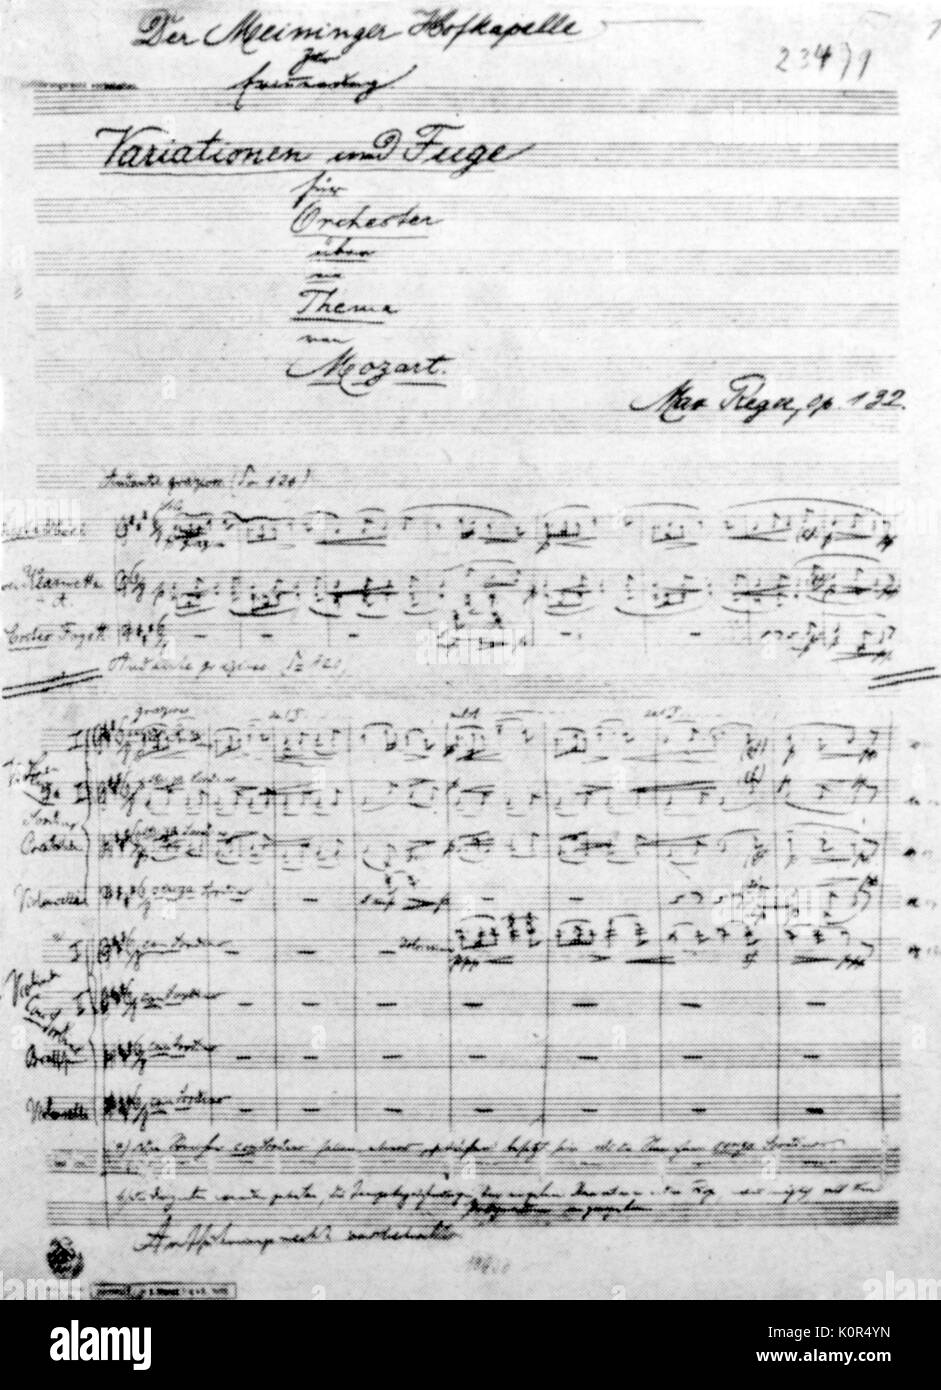 Nax Reger handwritten score- Variation on theme by Mozart 1914.  Mozart variation op.132, begun in May 1914 in Schneewinkl,completed June in Meiningen. German composer, 19 March 1873 - 11 May 1916. Stock Photo
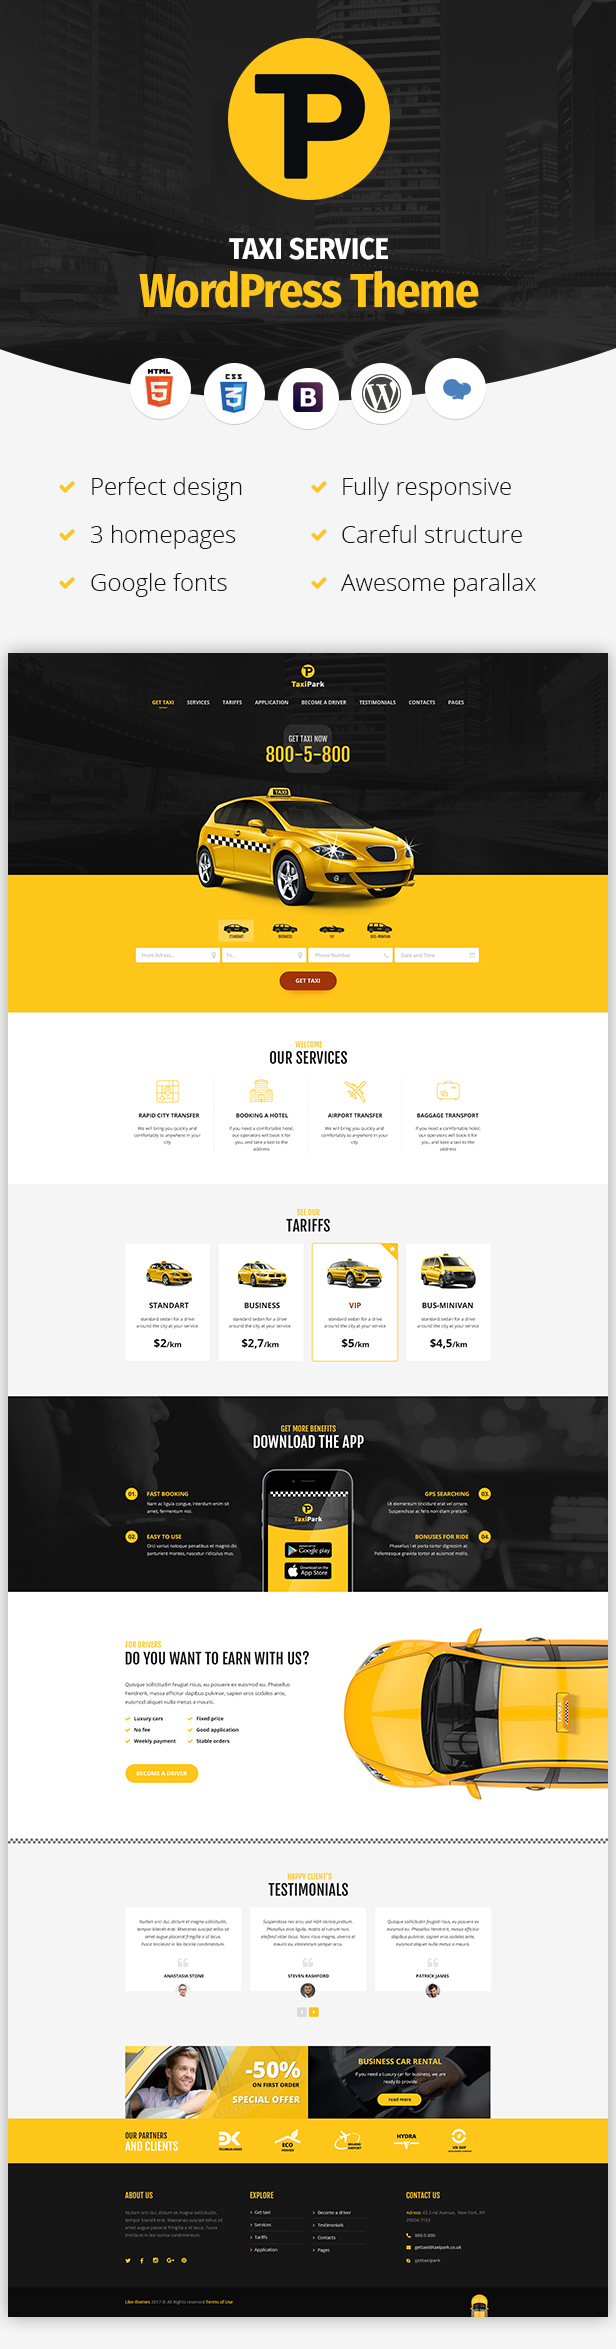 TaxiPark - Taxi Cab Service Company WordPress Theme - 4
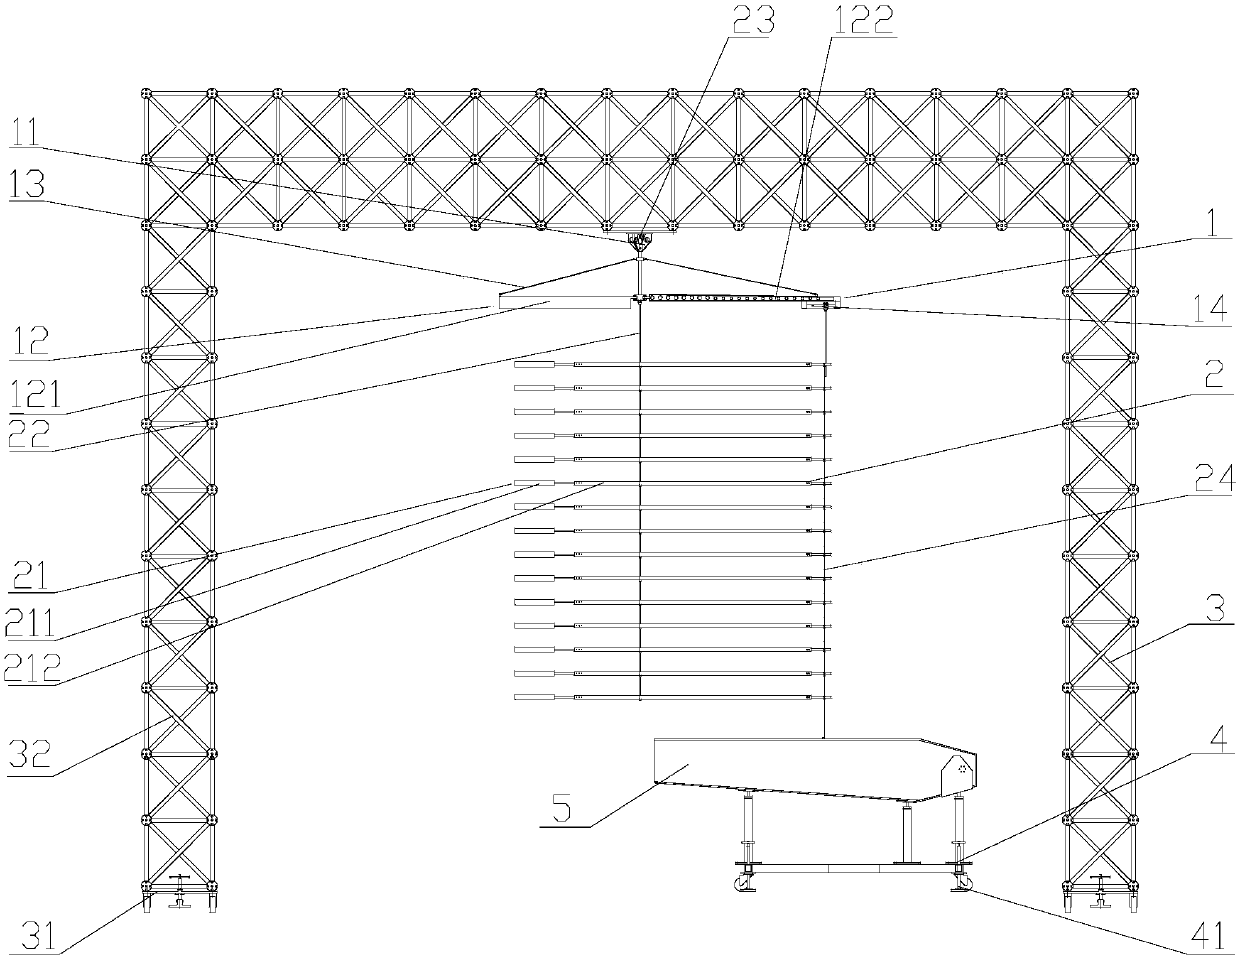 Steelyard type solar wing 360 degree zero-gravity unfolding system

= = = = = = =

- _PROBLEM STATEMENT_: Print the listing exactly. No pictures belong in the copy.

- _TASK RESULT_:
 Nax Reger handwritten score- Variation on theme by Mozart 1914.  Mozart variation op.132, begun in May 1914 in Schneewinkl,completed June in Meiningen. German composer, 19 March 1873 - 11 May 1916. Stock Photo
 TaxiPark - Taxi Cab Service Company WordPress Theme - 4
 Steelyard type solar wing 360 degree zero-gravity unfolding system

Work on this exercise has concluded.